The t-tests carried out to show if the affect was caused by chance are shown in Figure 6‑16. The two t-tests comparing mono against stereo and 3D conclude that mono required the most physical demand (t-values of 3.78 and 3.61 respectively and they had to be greater than 2.09). However, the t-test comparing stereo to 3D enables us to conclude that the difference could have been caused by chance (the t-value was only 0.62 and had to be greater than 2.09). This is what was expected because the monaural simulation lasted twice as long as the stereo or spatialised simulations so would have required more physical demand. The stereo and spatialised simulations lasted the same amount of time and required the same amount of mouse movement which suggests the physical demand should not be different, as the results reflect.

Figure 6‑16: t-Test results for Mono, Stereo and 3D Physical Demand ratings.
As highlighted by Franklin [19], temporal demand refers to: “How much time pressure did you feel due to the rate or pace at which the tasks or task elements occurred? Was the pace slow and leisurely or rapid and frantic?” and has endpoints low and high.
Each subject selected a point somewhere between low and high to rate the amount of temporal demand they felt they were under for the monaural, stereo and 3D simulations. Each subject’s rating and an overall average is displayed in a bar chart, see Figure 6‑17.

Figure 6‑17: Chart showing Temporal Demand ratings for each subject and an overall average. |
The average rating given by the subjects was 46.5 for mono, 41.5 for 3D and 36.5 for stereo. This points towards mono requiring the highest amount of temporal demand, then 3D and then stereo.
The t-tests carried out to show if the affect was caused by chance are shown in
Figure 6‑18. The two t-tests comparing mono against stereo and 3D conclude that mono required the most temporal demand (t-values of 3.16 and 2.52 respectively and they had to be greater than 2.09). However, the t-test comparing stereo to 3D enables us to conclude that the difference could have been caused by chance (the t-value was 1.81 and had to be greater than 2.09). Again the mono simulation was first, so the subjects had less practice and the mono simulation required twice as many alarms to be turned off, so the mental demand would obviously be greater. If the experiment was repeated to compare mono fairly then the effect would have been reduced. However, the stereo and 3D simulations were compared fairly and the effect on temporal demand were not statistically significant, showing that the subjects didn’t feel any more comfortable with the pace at which the tasks occurred for either mode.

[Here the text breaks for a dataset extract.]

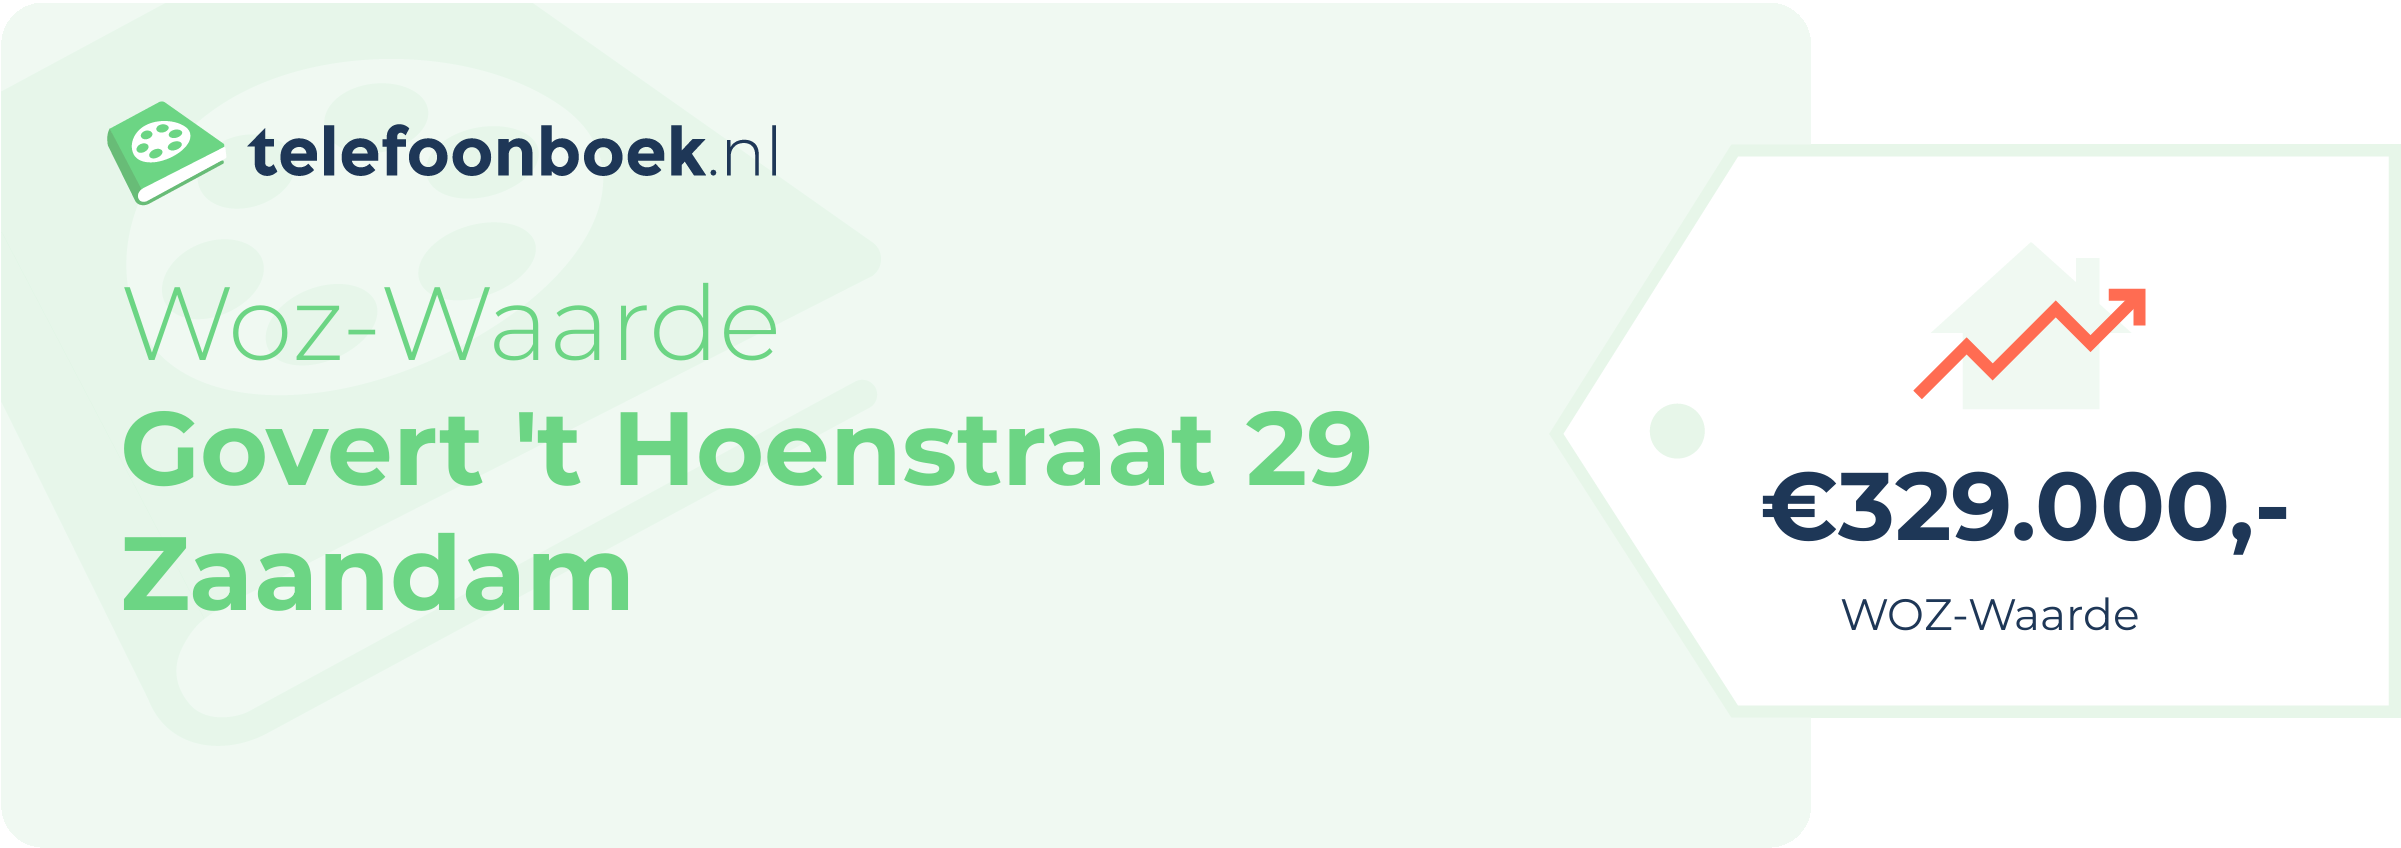 WOZ-waarde Govert 't Hoenstraat 29 Zaandam

Figure 6‑18: t-Test results for Mono, Stereo and 3D Temporal Demand ratings.
Effort refers to: “How hard did you have to work (mentally and physically) to accomplish your level of performance?” and has endpoints low and high [19].
Each subject selected a point somewhere between low and high to rate the amount of effort they felt they put into the monaural, stereo and 3D simulations. Each subject’s rating and an overall average is displayed in a bar chart, see Figure 6‑19.

Figure 6‑19: Chart showing Effort ratings for each subject and an overall average. |
The average rating given by the subjects was 62 for mono, 44.5 for 3D and 46.5 for stereo. This points towards mono requiring the highest amount of effort, then 3D and then stereo.
The t-tests carried out to show if the affect was caused by chance are shown in Figure 6‑20. The two t-tests comparing mono against stereo and 3D conclude that mono required the most effort (t-values of 4.59 and 4.15 respectively and they had to be greater than 2.09). However, the t-test comparing stereo to 3D enables us to conclude that the difference could have been caused by chance (the t-value was 0.72 and had to be greater than 2.09). Again the mono simulation was first, so the subjects had less practice and the mono simulation required twice as many alarms to be turned off, so the effort would obviously be greater. If the experiment was repeated to compare mono fairly then the effect would have been reduced. However, the stereo and 3D simulations were compared fairly and the effect on effort were not statistically significant, showing that the subjects didn’t find either of the simulations any easier.

Figure 6‑20: t-Test
results for Mono, Stereo and 3D Effort ratings.
Performance refers to: “How successful do you think you were in accomplishing the goals of the task set by the experimenter (or yourself)? How satisfied were you with your performance in accomplishing these goals?” and has endpoints poor and good [19].
Each subject selected a point somewhere between poor and good to rate how successful they felt they were in accomplishing their goals for the monaural, stereo and 3D simulations. Each subject’s rating and an overall average is displayed in a bar chart, see Figure 6‑21.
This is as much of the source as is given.